Many startups get quietly sold or shuttered yet few have suffered as publicly and quantifiably as Blue Apron.
In the 10 months since the meal-kit company debuted on the New York Stock Exchange, its share price has fallen about 80%, to pennies above $2. Wall Street is evidently less bullish than Silicon Valley on Blue Apron’s self-described “powerful and emotional brand connection” and “hard-to-replicate value chain.” Once valued by private investors at $2 billion, Blue Apron’s market cap is now just $400 million.
A good question to ask when a startup stumbles is, who gets hurt? Often the answer is workers. When internet delivery service Kozmo collapsed in 2001, it stopped operating immediately and fired 1,100 people. Many of the on-demand startups that folded over the last five years left legions of contractors abruptly out of work. If Uber pauses service in any market, the first people to feel the impact are its drivers.
Occasionally some people are picked up and moved over to a new company that buys the scraps of the failed one, but these deals are usually reserved for senior leadership and talent, not for run-of-the-mill employees. When food delivery startup Maple sold for parts to Deliveroo, for example, the UK-based company wanted Maple’s senior leadership, but not its New York-based hourly labor force.
All is certainly not well at Blue Apron. Its revenue grew 11% from 2016 to 2017, but losses nearly quadrupled to $210 million. Per a securities filing in February, the company is no longer building a new warehousing facility in Fairfield, California, and is “continuing to evaluate alternatives” for the lease it assumed in December 2017. The original heart-warming vision of selling farm-fresh vegetables in pre-portioned packages to American families has withered into a mess of losses and lease obligations.
Who is hurting at Blue Apron? Shareholders, who filed multiple lawsuits after the company’s lackluster IPO, and whose shares have only lost value since. Staff, who have been laid off by the hundreds. Employees who received stock options in their compensation packages and are now probably stuck with a lot of out-of-the-money assets.
You know who’s not feeling too bad, though? Blue Apron co-founder Matt Salzberg, who was replaced as CEO in November and made executive chairman. The change came with a big raise. His annual base salary increased to $470,000 from $300,000, a 57% jump, as of Dec. 1, 2017, Blue Apron disclosed last week in its proxy statement. Blue Apron also granted Salzberg more than 33,000 restricted stock units, good for an equivalent amount of class A common stock.
Blue Apron says it uses base salaries “to recognize the experience, skills, knowledge, and responsibilities required of all our employees, including our named executive officers.” Amid the poor financial performance, three other executives received bonuses of $100,500, $83,750, and $83,750, “based on their respective bonus targets and the achievement of both individual and company goals.”
There is a good bit of research to suggest that retaining a former CEO as a board chair is a bad idea, in part because the predecessor tends to limit the influence of the new chief executive. But even setting that aside, it’s unclear what skills and knowledge Salzberg demonstrated, or additional duties he acquired in the transition, to justify a 57% raise. Blue Apron declined to comment on the proxy statement.

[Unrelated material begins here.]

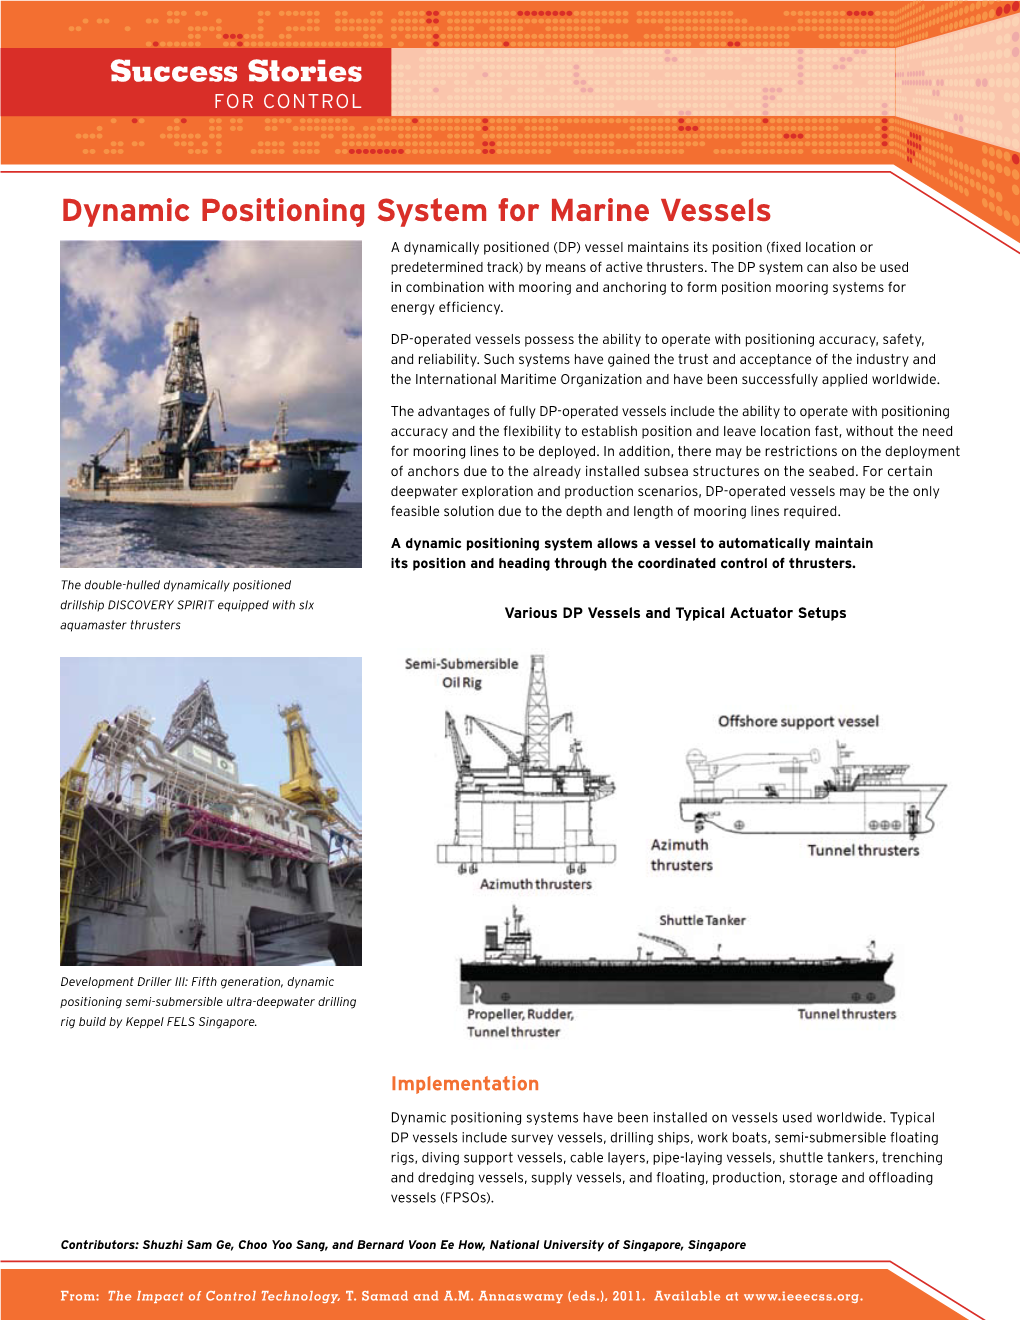 Dynamic Positioning System for Marine Vessels

It’s similarly unclear what “individual and company goals” Blue Apron’s senior executives achieved in 2017 to earn their hefty bonuses, as losses soared and the stock price tanked. It would be interesting to know what the suing shareholders and laid-off employees make of it. The lesson for startup founders seems to be that unless you go full Theranos, the personal repercussions for building an overvalued and financially unstable company that causes a lot of collateral damage to shareholders and employees can, at the end of the day, be pretty minimal.